Eleven years ago, a number of students, myself included, sat in the offices of the UT Collegian wondering why it was that no one in the local community or in the UT Faculty would join us in speaking out about the rogue entity who was occupying the office of the President at UT.

It seemed that the faculty had forgotten that other than the student body itself, that they were most capable agent of change at UT- but they sat by powerless as the Kapoor Administration ran roughshod over them.

With Kapoor, at least there was a core group of students working with a small group of faculty to effect change...to get out the truth about what was going on.

If we fast forward to today...who speaks the truth, other than this blog? The faculty are silent, the IC has been marginalized (seeming to be more concerned about the latest MTV inspired fad than the value of their diplomas), and Jacobs wields his scepter from University Hall as if he were a modern Robespierre- with his gentle tone of speech belying his utter contempt for anything that would waylay his plan to turn UT into the ITT Technical School of Medical Arts.

I trust the faculty realize this, and with their very lifeblood being challenged at every turn, have grown tired of the Iron Gauntlet of Jacobs smacking them about the head and chest for the last few years.

You do the work that is important to us all, and stand for the last bastion of civil thought and discourse that I see in our society. I trust that you make it though these negotiations united and ready to act against the petty tyranny that controls UT at this moment.

Those of us that fought this fight ten years ago wish you the best.

Anonymous said...

What this place needs is a graduate employee union. A band of committed twenty-somethings without much to lose would provide the impetus to create and maintain a worker- and student-friendly environment at UT.

Linus said...

To Anonymous 10:53--

How true! What can we do to help a grad employee union get started? I was a member of an AAUP grad student union once and we did scare some administrators. But would our faculty stand with our own ta's? Who on the faculty at UTMC stood with the AFSCME in their 18-month negotiations? CWA did not stand with the AAUP in our most recent 18-month negotiations. In these times, ALL unions and workers' protection groups must stand together.
And we must beware any furloughs proposed do no harm to those fellow workers who can least afford it. Anyone who thinks it fair that taking a day's pay from a custodian is the same as the chancellor losing a day's pay has spent far too much time downwind of Limbaugh and Glenn Beck and the whole "fair and balanced" pack of running dogs on FOX.

Anonymous said...

It s a nice propaganda story. The problem is that the administration won't guarantee no layoffs or even to limit layoffs if concessions are made.
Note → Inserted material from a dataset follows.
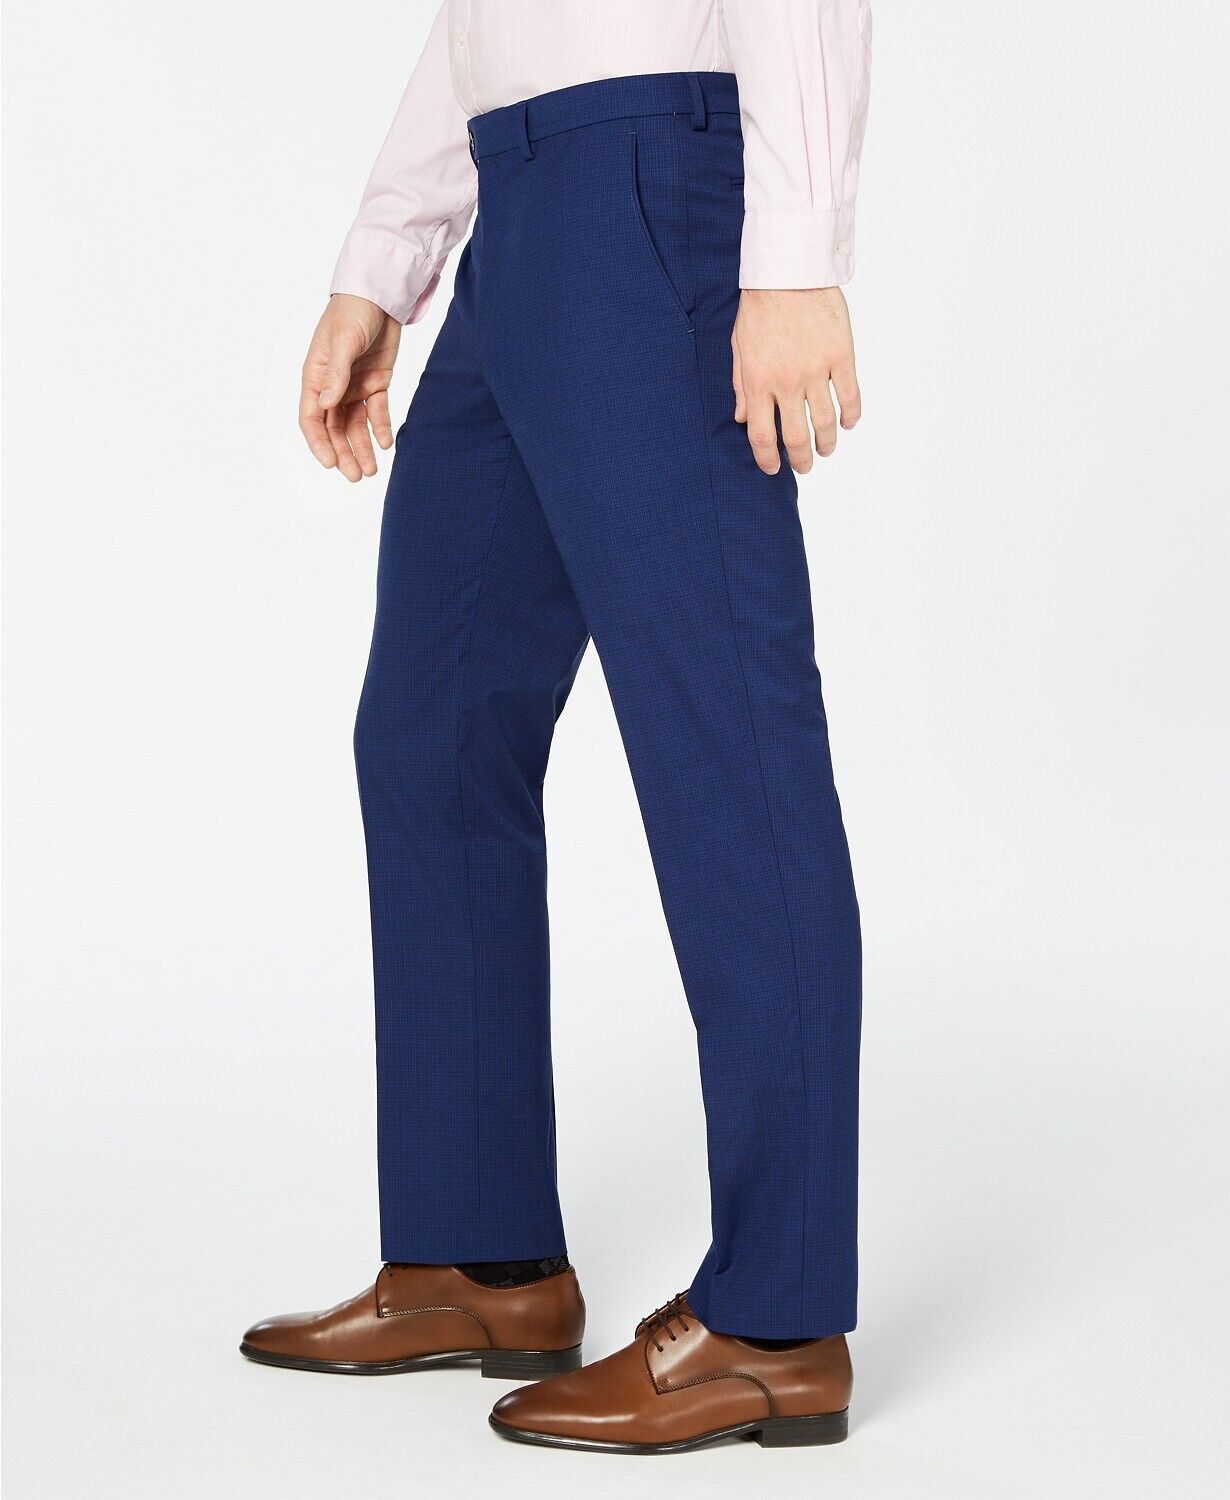 Vince Camuto Slim-Fit Wrinkle-Resistant Blue Check Dress Pants 30 x 30

In fact, I heard they want wage cuts, more furloughs and other give backs but refuse to guarantee or limit layoffs. I think the fact is that no one trusts this administration. I think that is a very sad but true statement.

Anonymous said...

Concerning the latest attacks on public employees. I think it is the height of Orwellian double-speak and hypocrisy for our Wall St. exec governor to complain about the pay of public employees saying they are the source of the state's and the nation's economic problems when it is really his own kind who train-wrecked the economy and made a bundle doing it...and continue to do so! Here are some links to set the story straight.

http://blog.aflcio.org/2011/01/19/trumka-nations-future-begins-and-ends-with-jobs/

http://campusprogress.org/articles/the_myths_about_public_employee_compensation/

Anonymous said...

Anon 3:26

Well, if you can't trust bloated and lazy public employee unions on the topic of bloated and lazy public employee unions, who can you trust?

Anonymous said...

It's a fact that public employees earn less, including total compensation, compared to the private sector.